Problem to solve. The listing is to be printed word for word, pictures omitted.

Material provided.

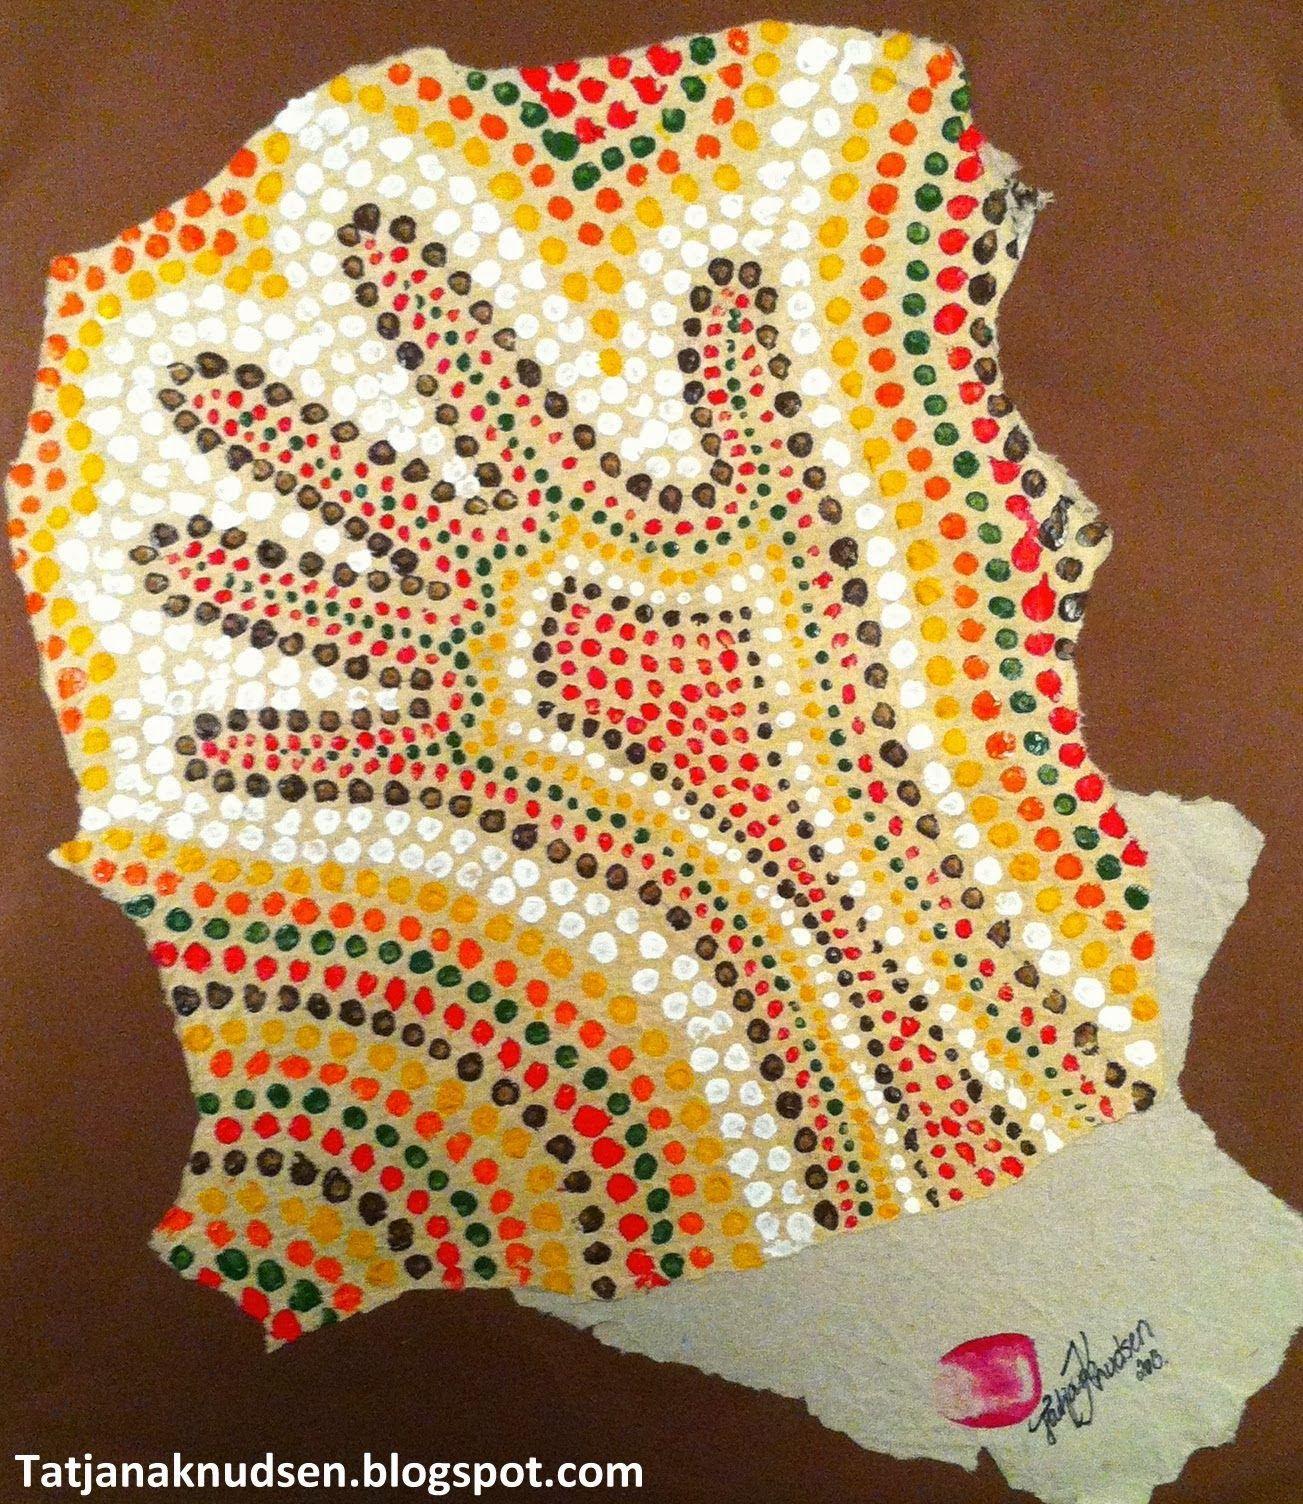 meet the creative part of me kan aboriginal kunst v kke elevernes opm rksomhed australian. Black Bedroom Furniture Sets. Home Design Ideas
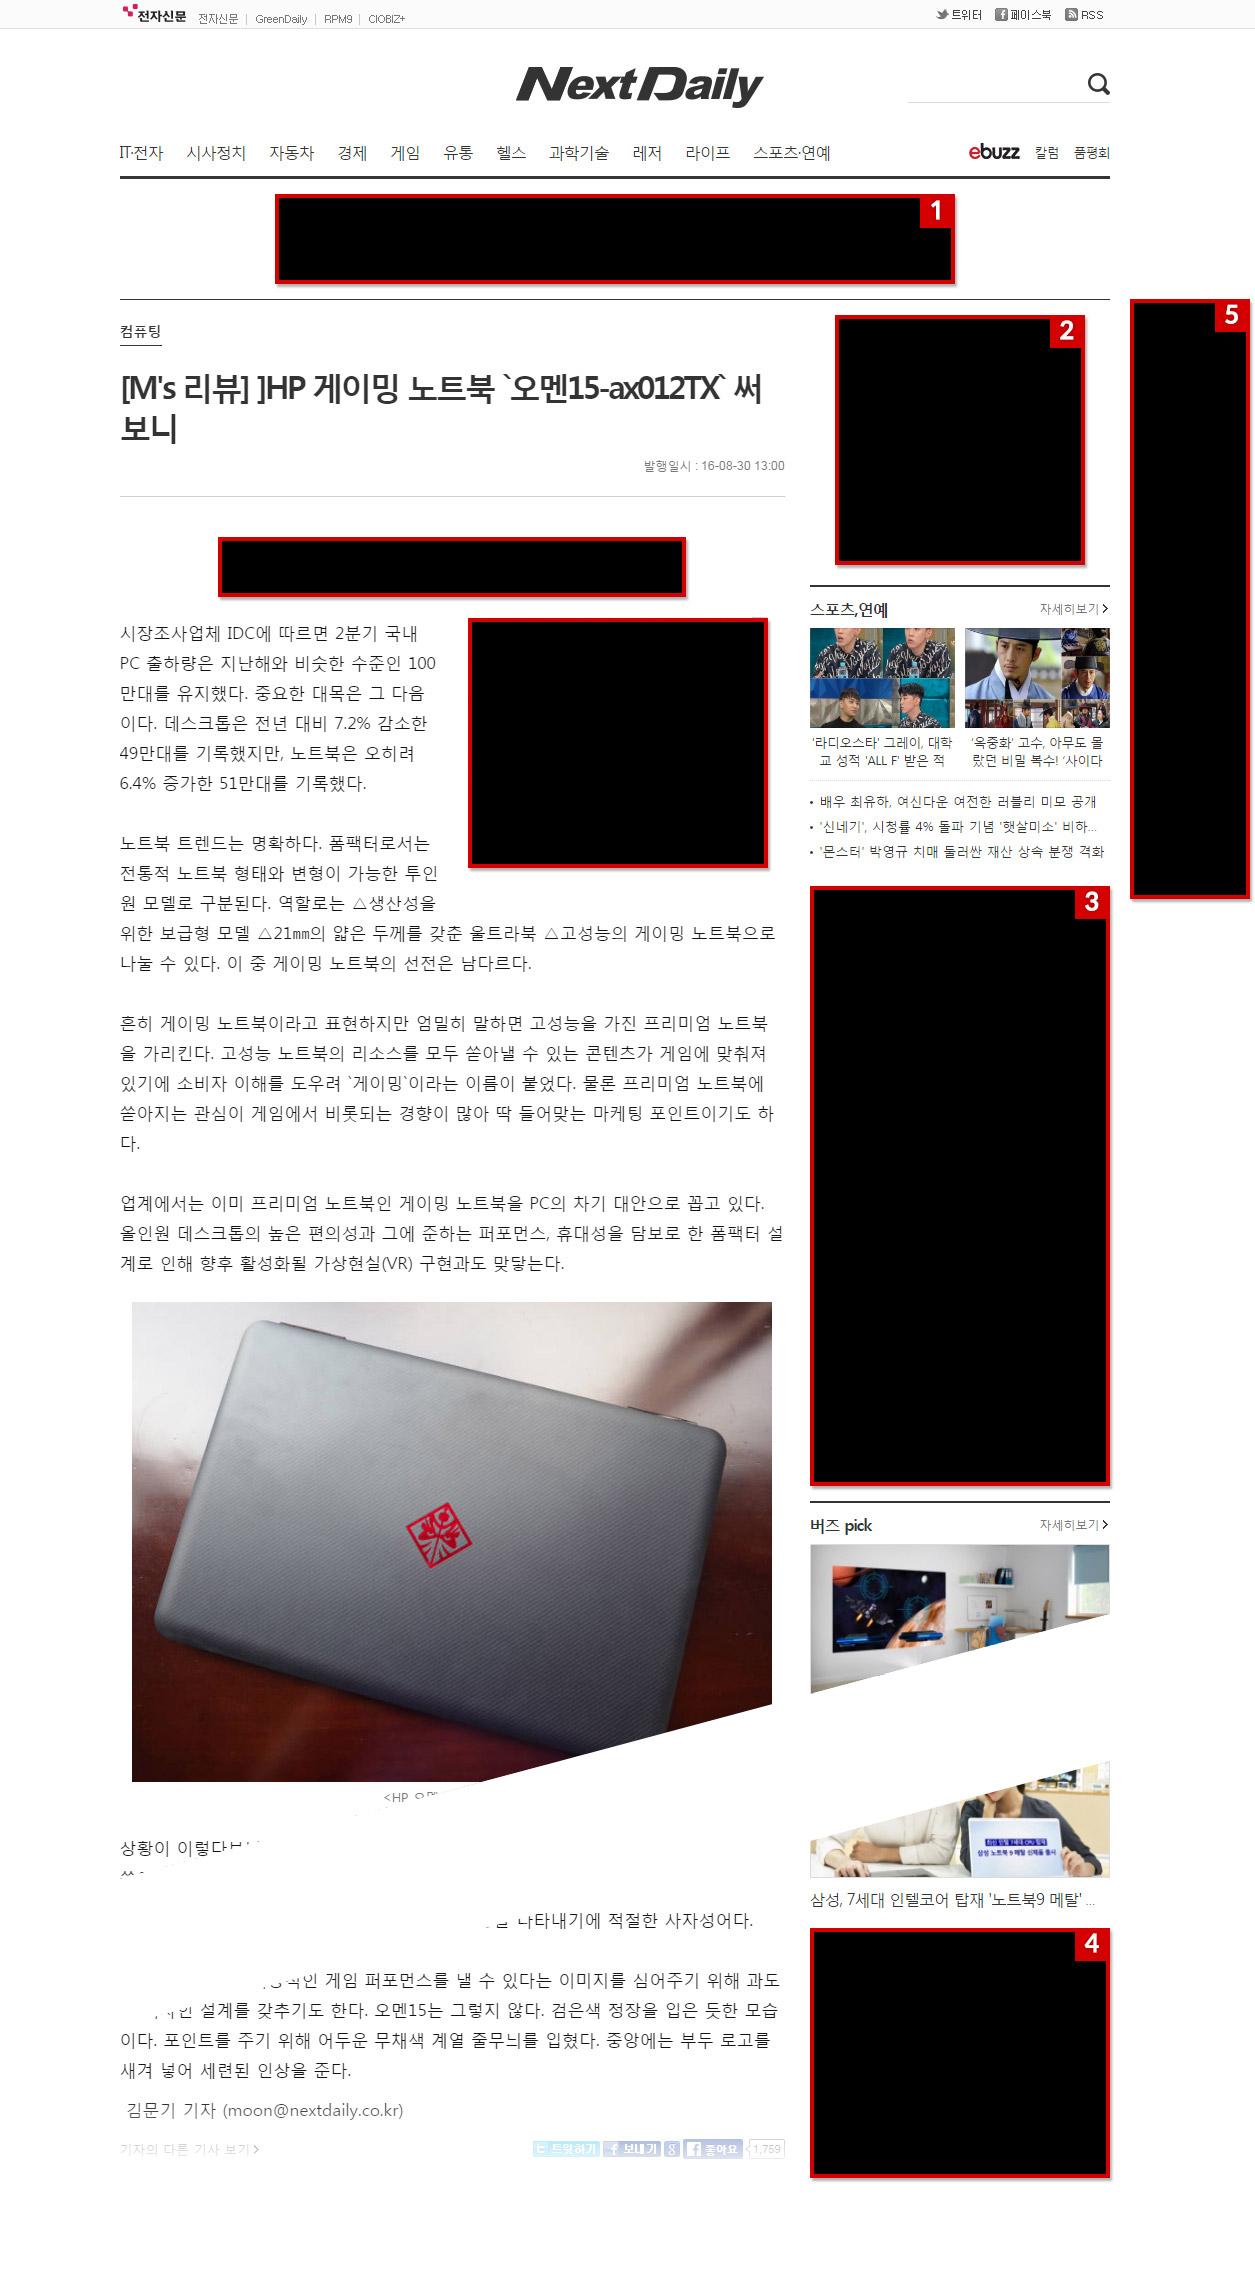 넥스트데일리 기사 상세 페이지 광고 안내
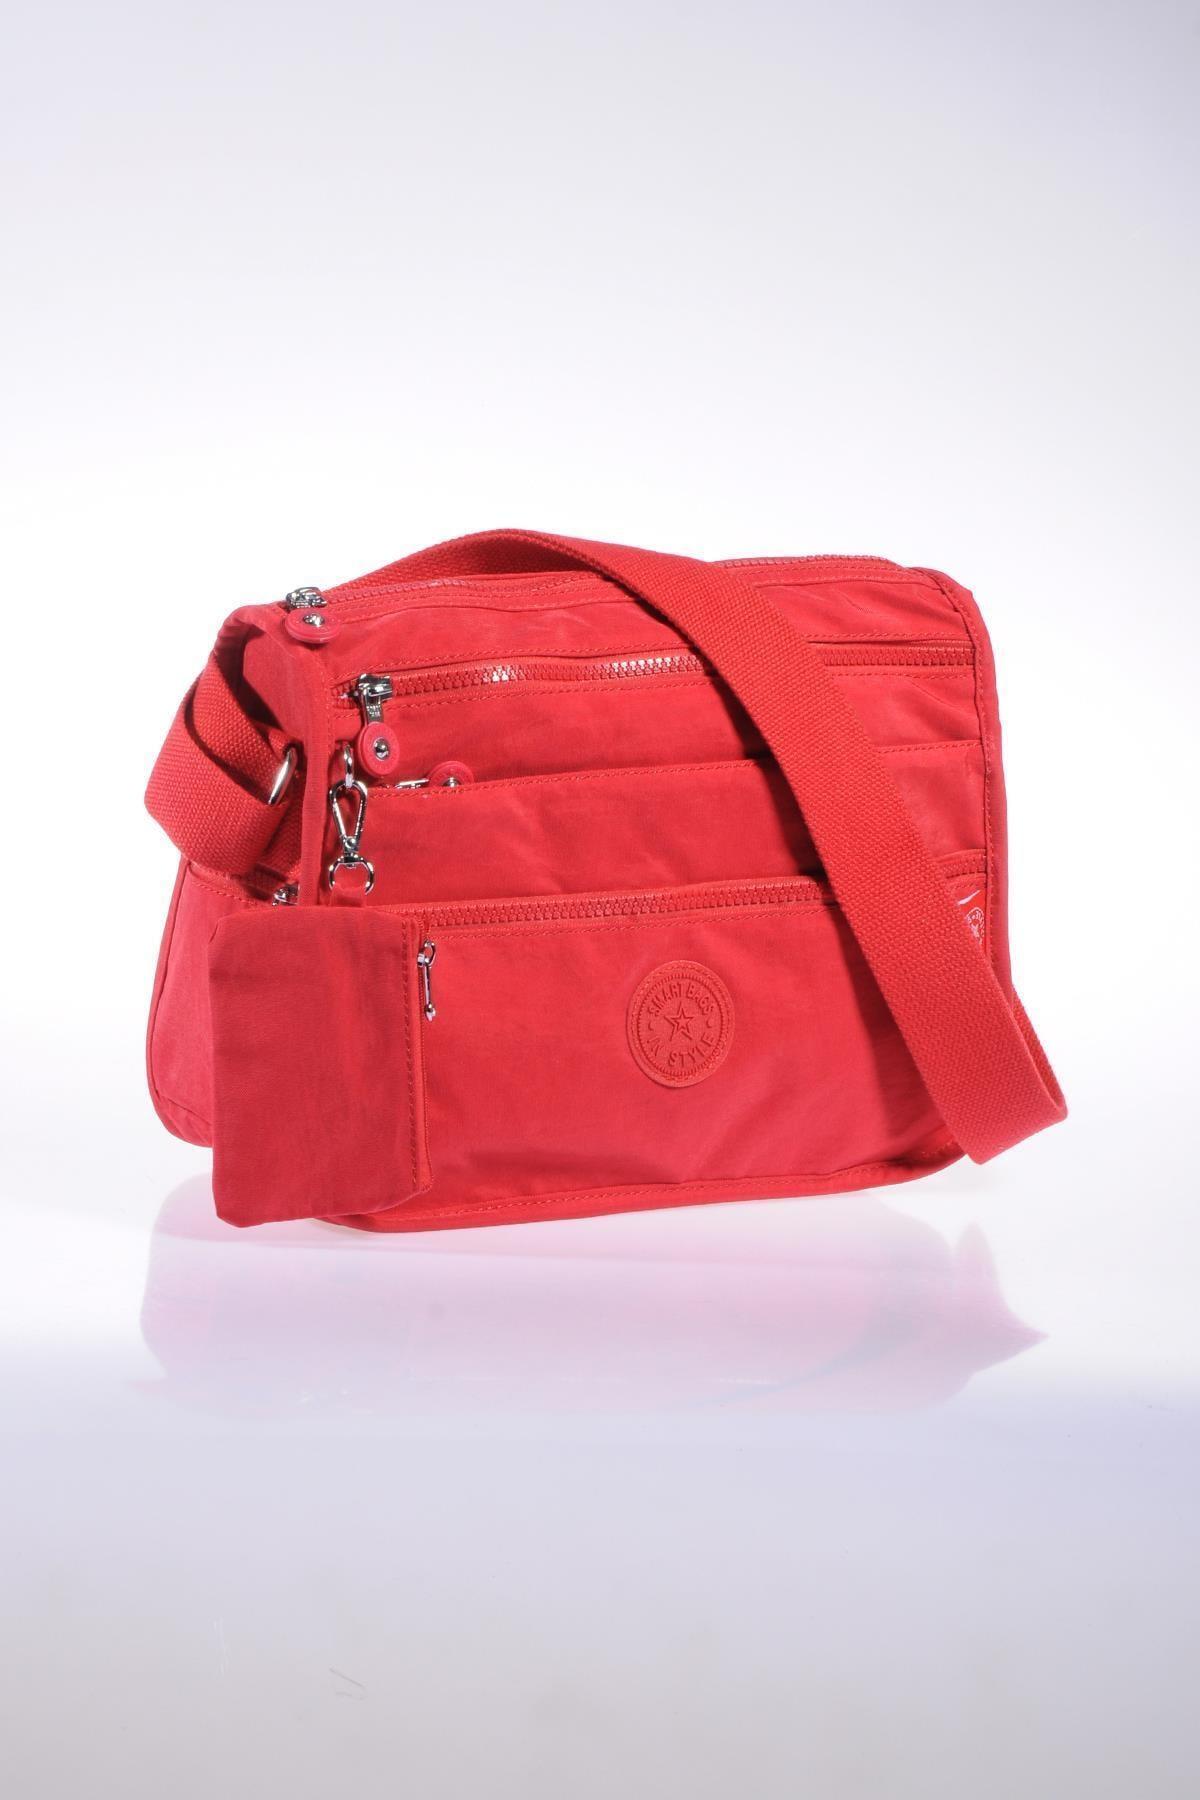 SMART BAGS Smb1128-0019 Kırmızı Kadın Çapraz Çanta 2

Response below.
 meet the creative part of me kan aboriginal kunst v kke elevernes opm rksomhed australian. Black Bedroom Furniture Sets. Home Design Ideas
 넥스트데일리 기사 상세 페이지 광고 안내
 SMART BAGS Smb1128-0019 Kırmızı Kadın Çapraz Çanta 2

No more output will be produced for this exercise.